-- COLLECTED DATA --
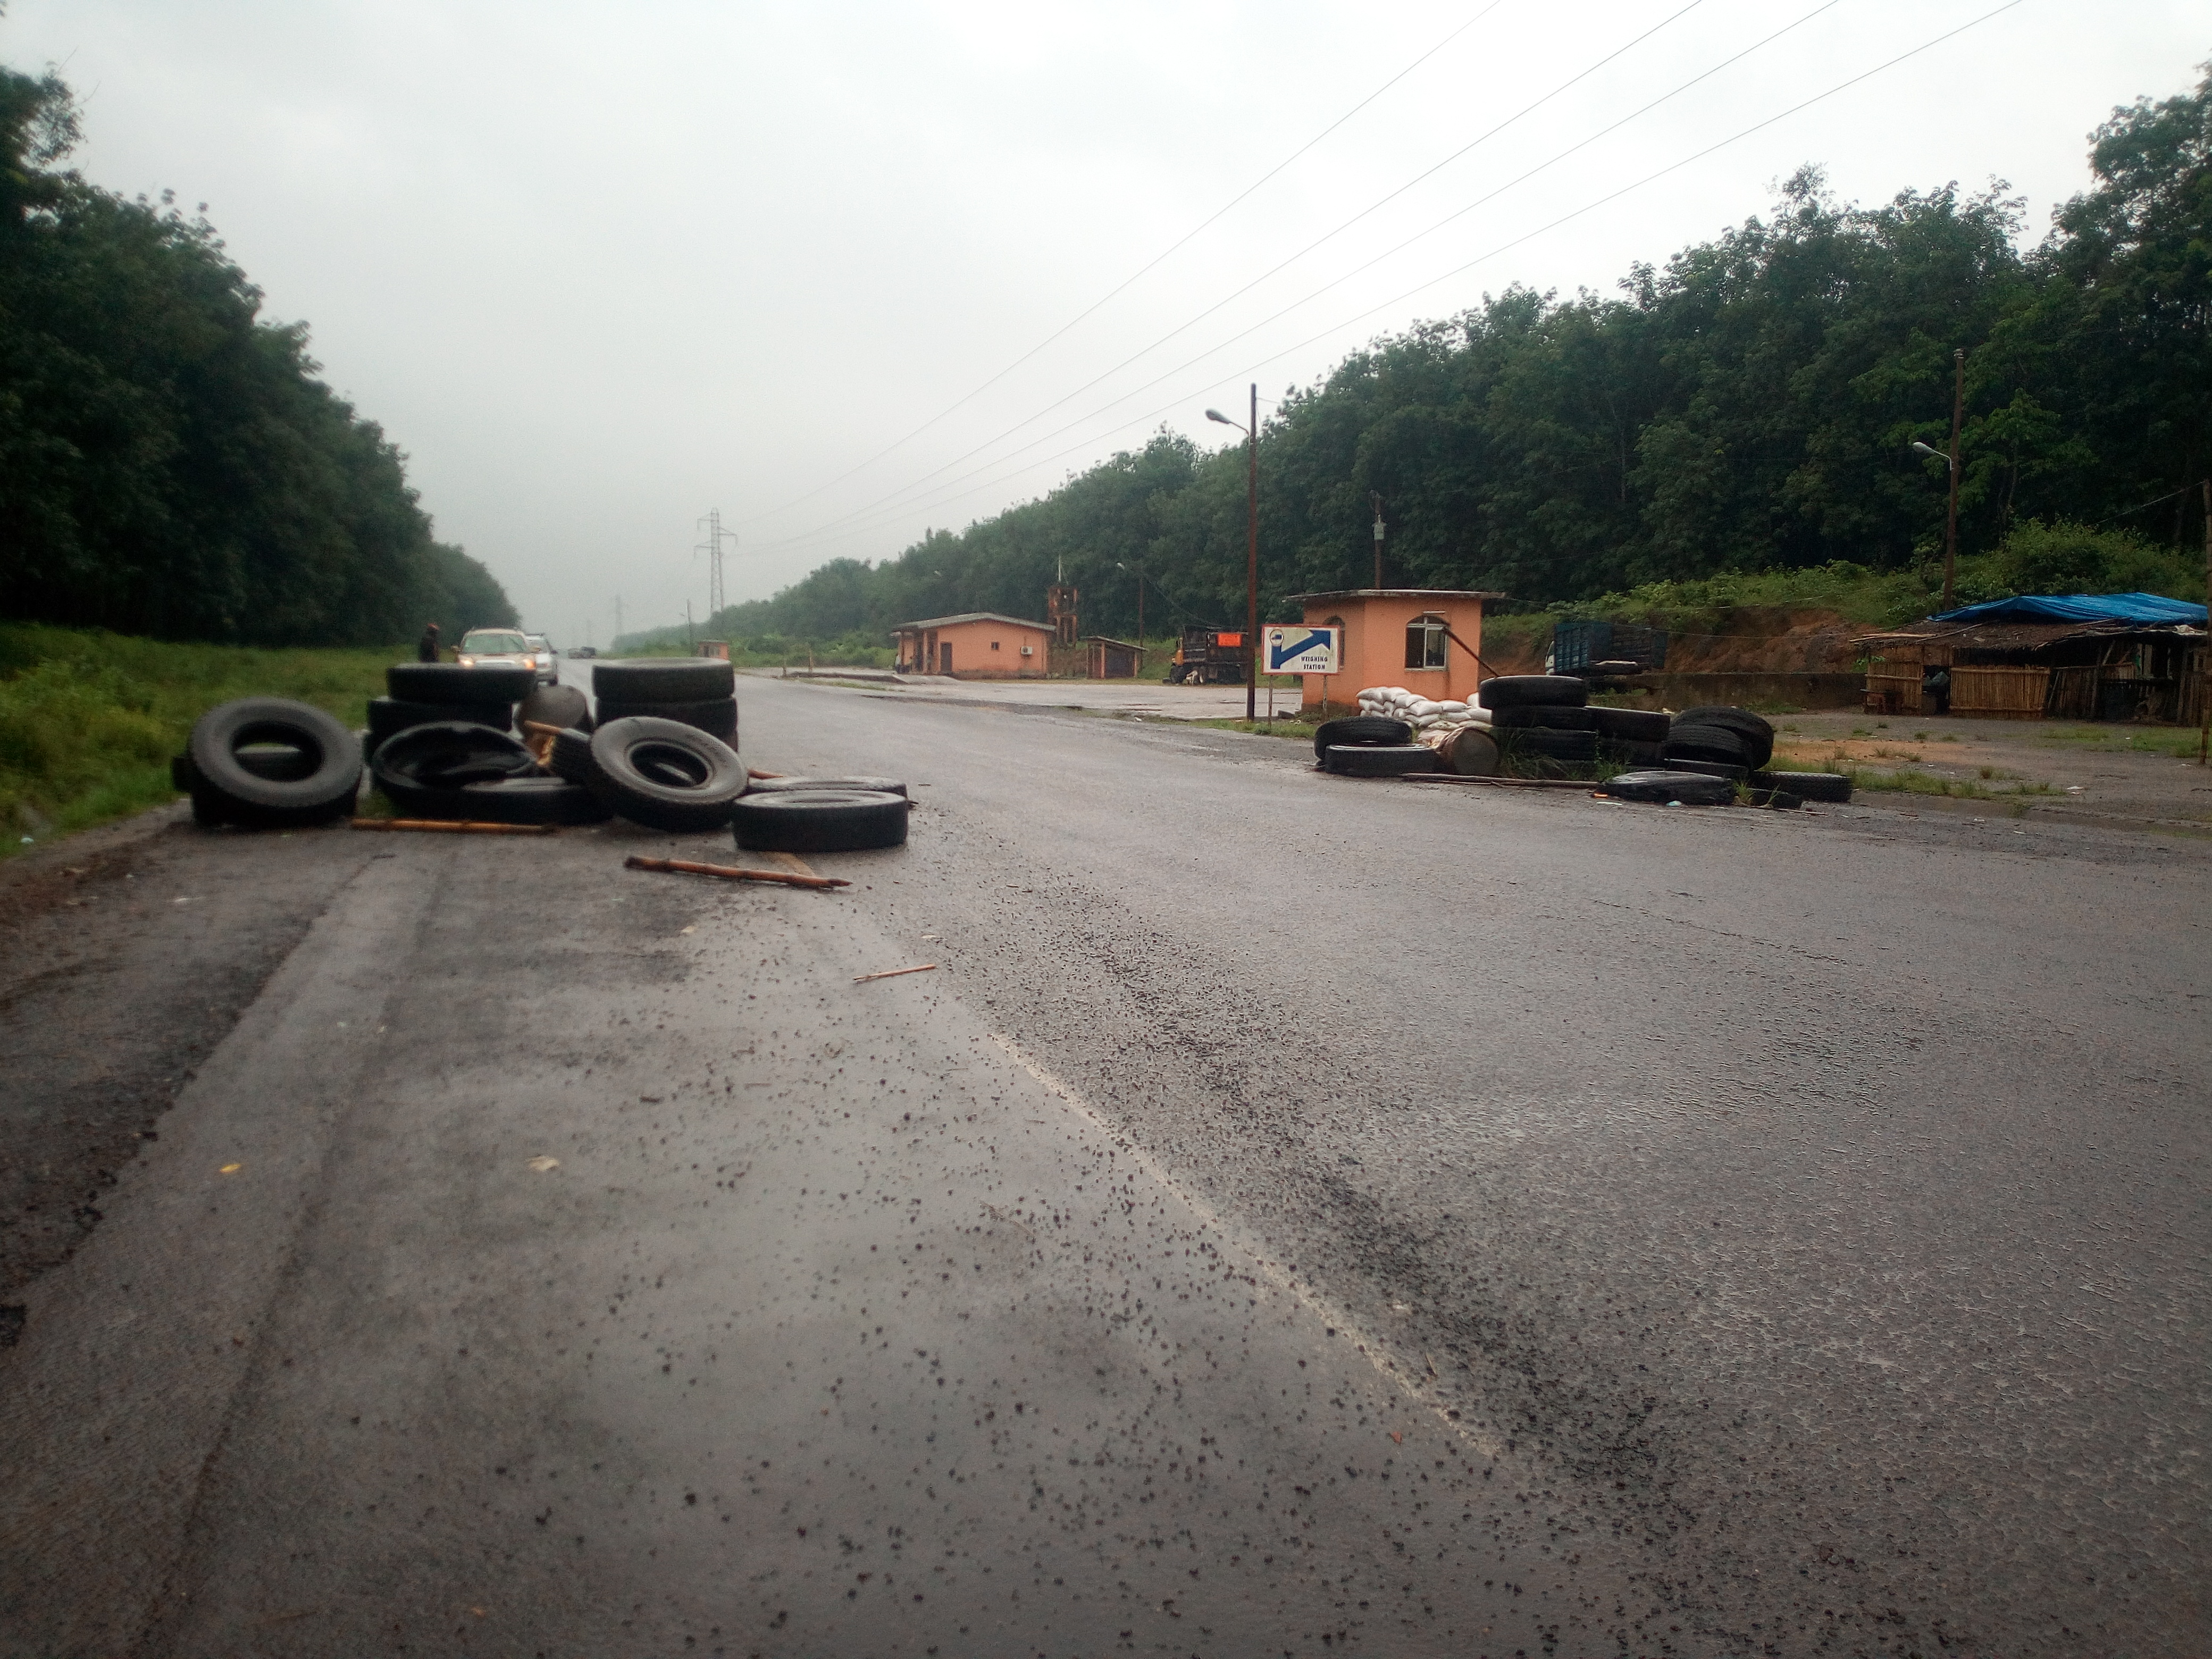 Un poste de contrôle sur la route Douala - Buea, à quelques kilomètres de la ville, durant l'opération
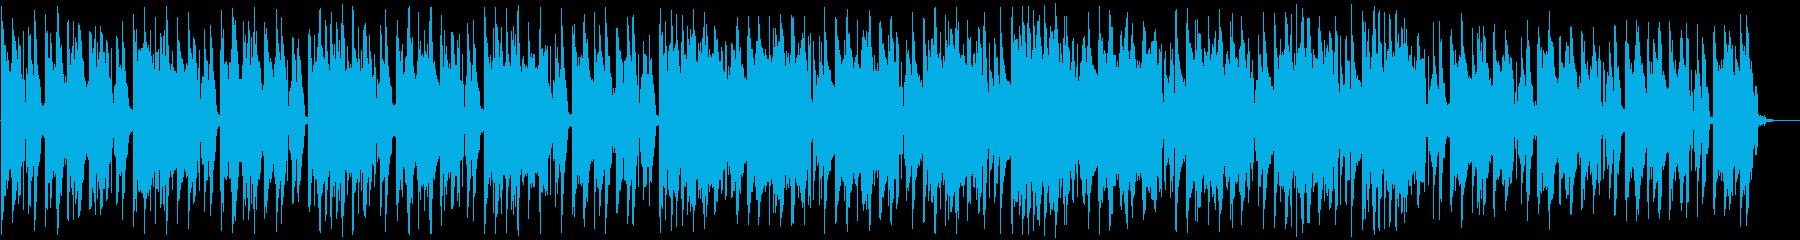 爽やか/疾走/D&B_No450_2の再生済みの波形
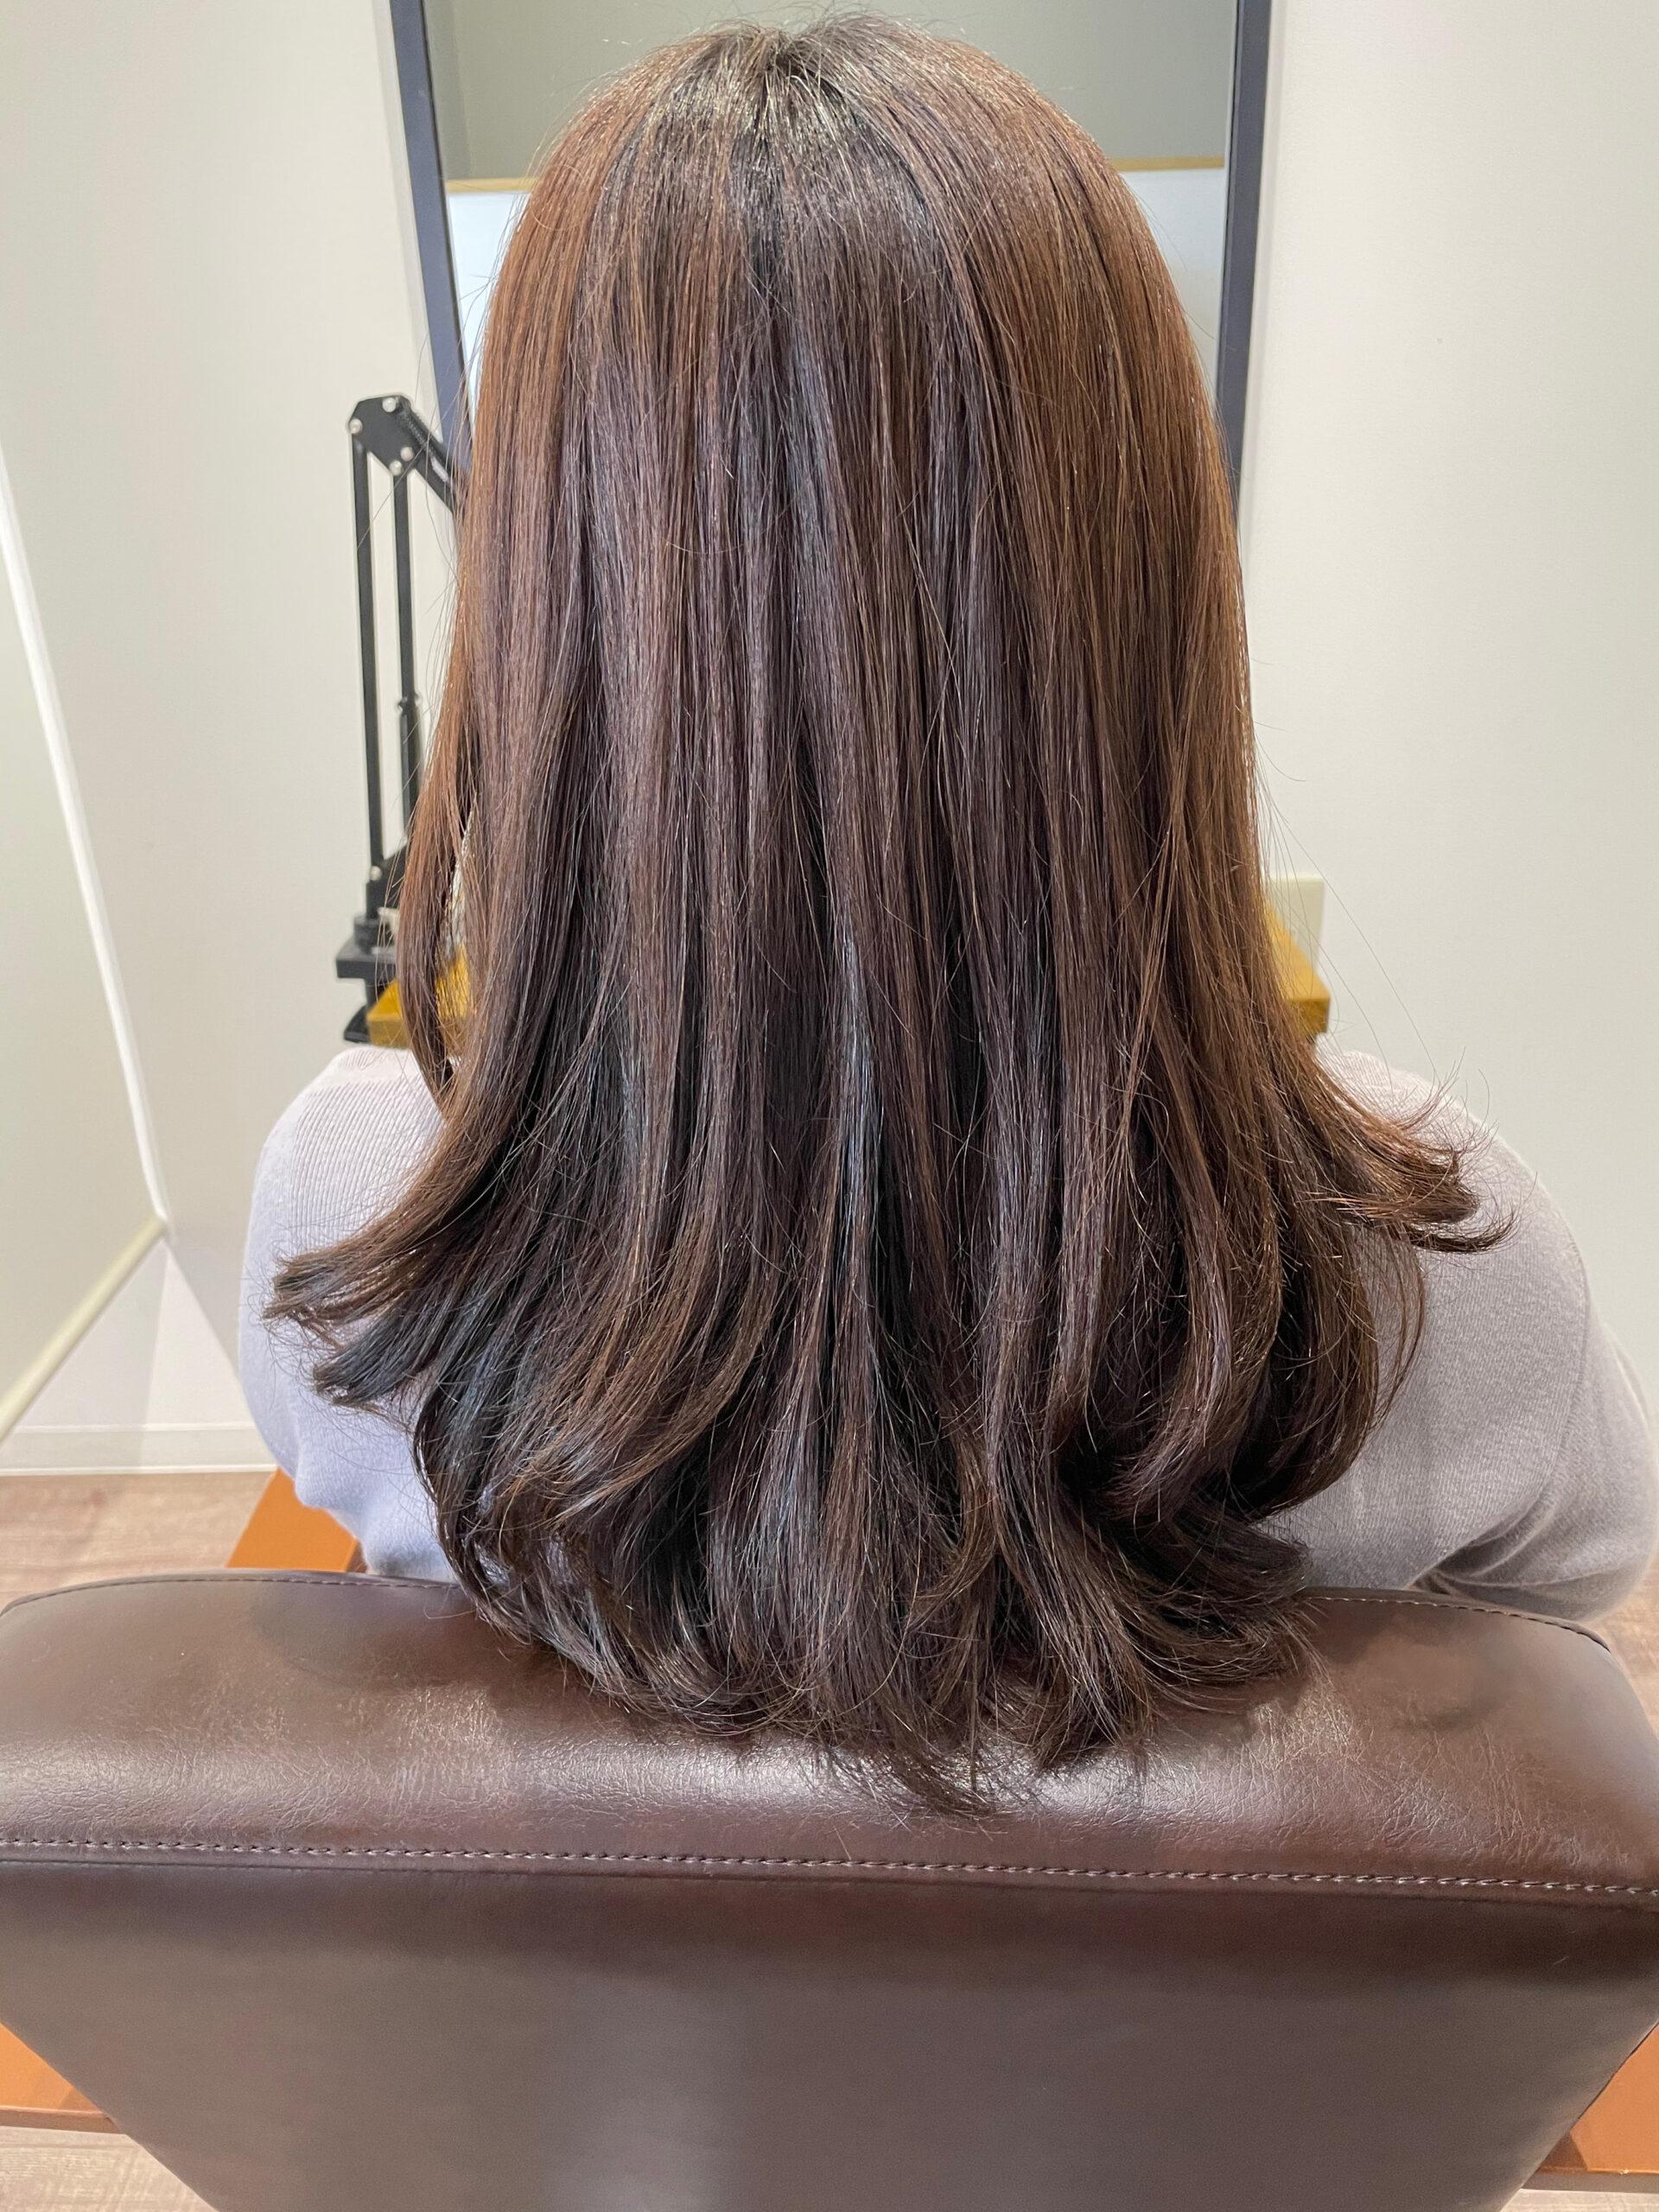 大分県別府市 春らしいヘアカラー【ローズピンク】の髪色 ビフォー

-- THE PROBLEM --
Only an exact copy of the lines from the one with "爽やか/疾走/D&B_No450_2の再生済みの波形" through the last line of the listing should be given; pictures must not be included.

-- RESULT --
 爽やか/疾走/D&B_No450_2の再生済みの波形
 大分県別府市 春らしいヘアカラー【ローズピンク】の髪色 ビフォー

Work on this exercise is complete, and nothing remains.